The whole‑pipeline run measured mTLS ingress, Brain in mock mode, policy evaluation, and proxy fork/fold at the /mcp boundary. It used 10 concurrent workers, a 20‑second measurement window, and a 5‑second warmup on the development stack.

Path p50 p95 p99 Approx. throughput
Verdict‑cache hit, fixed payload 1.67 ms 2.20 ms 2.90 ms 5,800 rps
Cache miss, varied payload 14.0 ms 20.1 ms 29.4 ms 660 rps
Do not add these numbers together blindly

The cache‑miss result measures Clavenar's mock‑mode pipeline floor. It does not include a real LLM provider request. On a live semantic path, provider round‑trip time can add hundreds of milliseconds and may dominate the verdict.

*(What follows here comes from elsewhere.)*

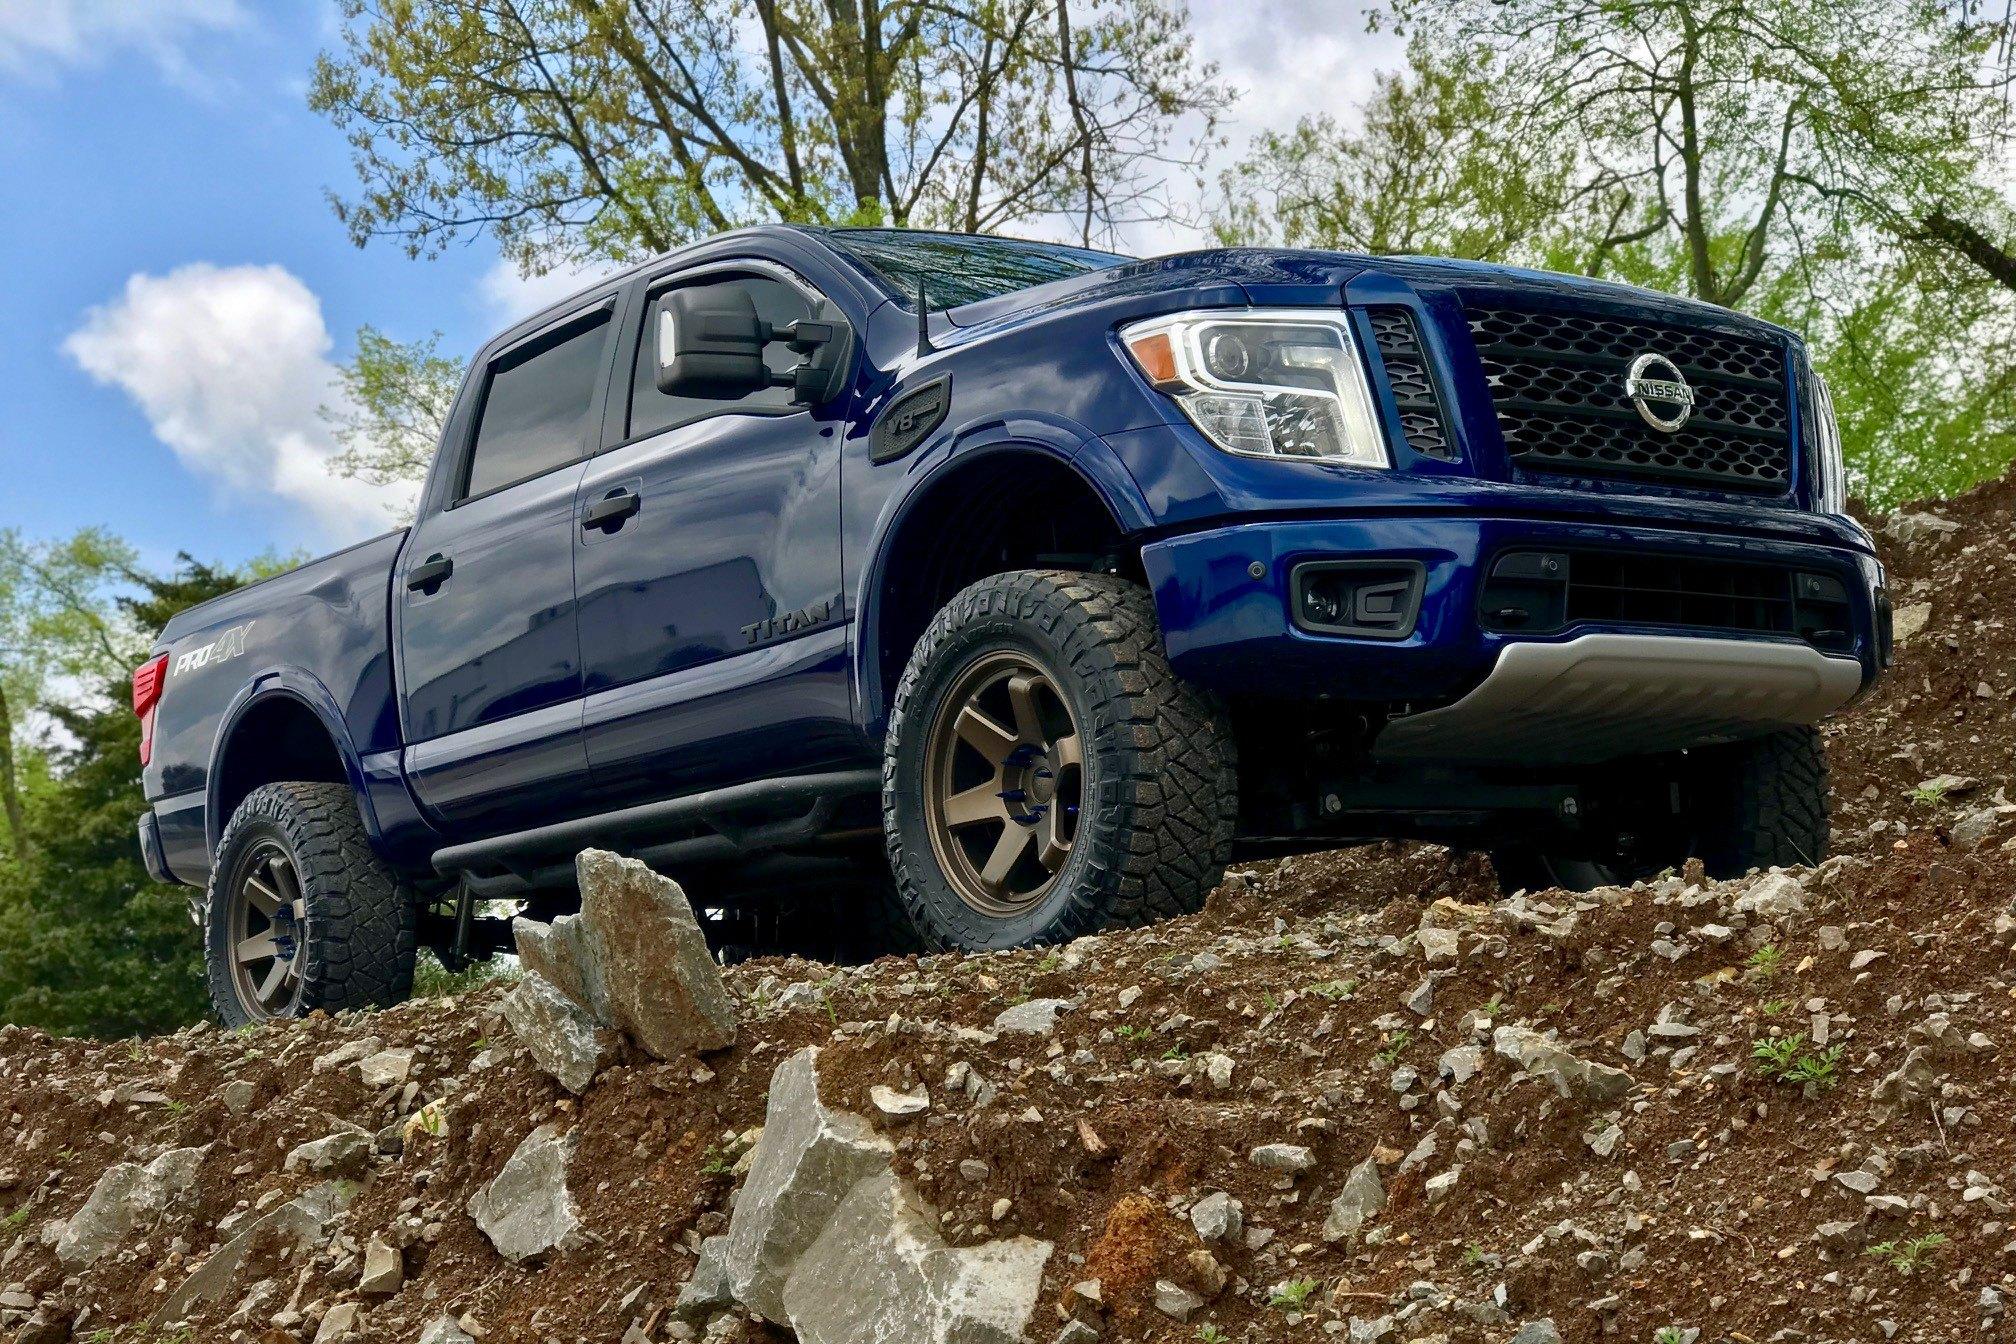 Custom 2018 nissan titan images mods photos upgrades - Nissan titan interior accessories ...

Measure hot and cold paths with your chosen provider, region, policy set, and evidence store.

Known limitations

What this report does not establish.

Small, curated suite

Ninety single‑turn cases cannot represent the open‑ended attack surface of a production agent. Paraphrase, obfuscation, and multi‑turn manipulation remain incomplete.

Mock mode is a floor

The deterministic subset rewards the heuristics it was designed to exercise. It is useful for regressions; it is not a substitute for a live semantic evaluation.

No competitor baseline

No like‑for‑like run against another guardrail is published here. Do not infer comparative superiority from these standalone measurements.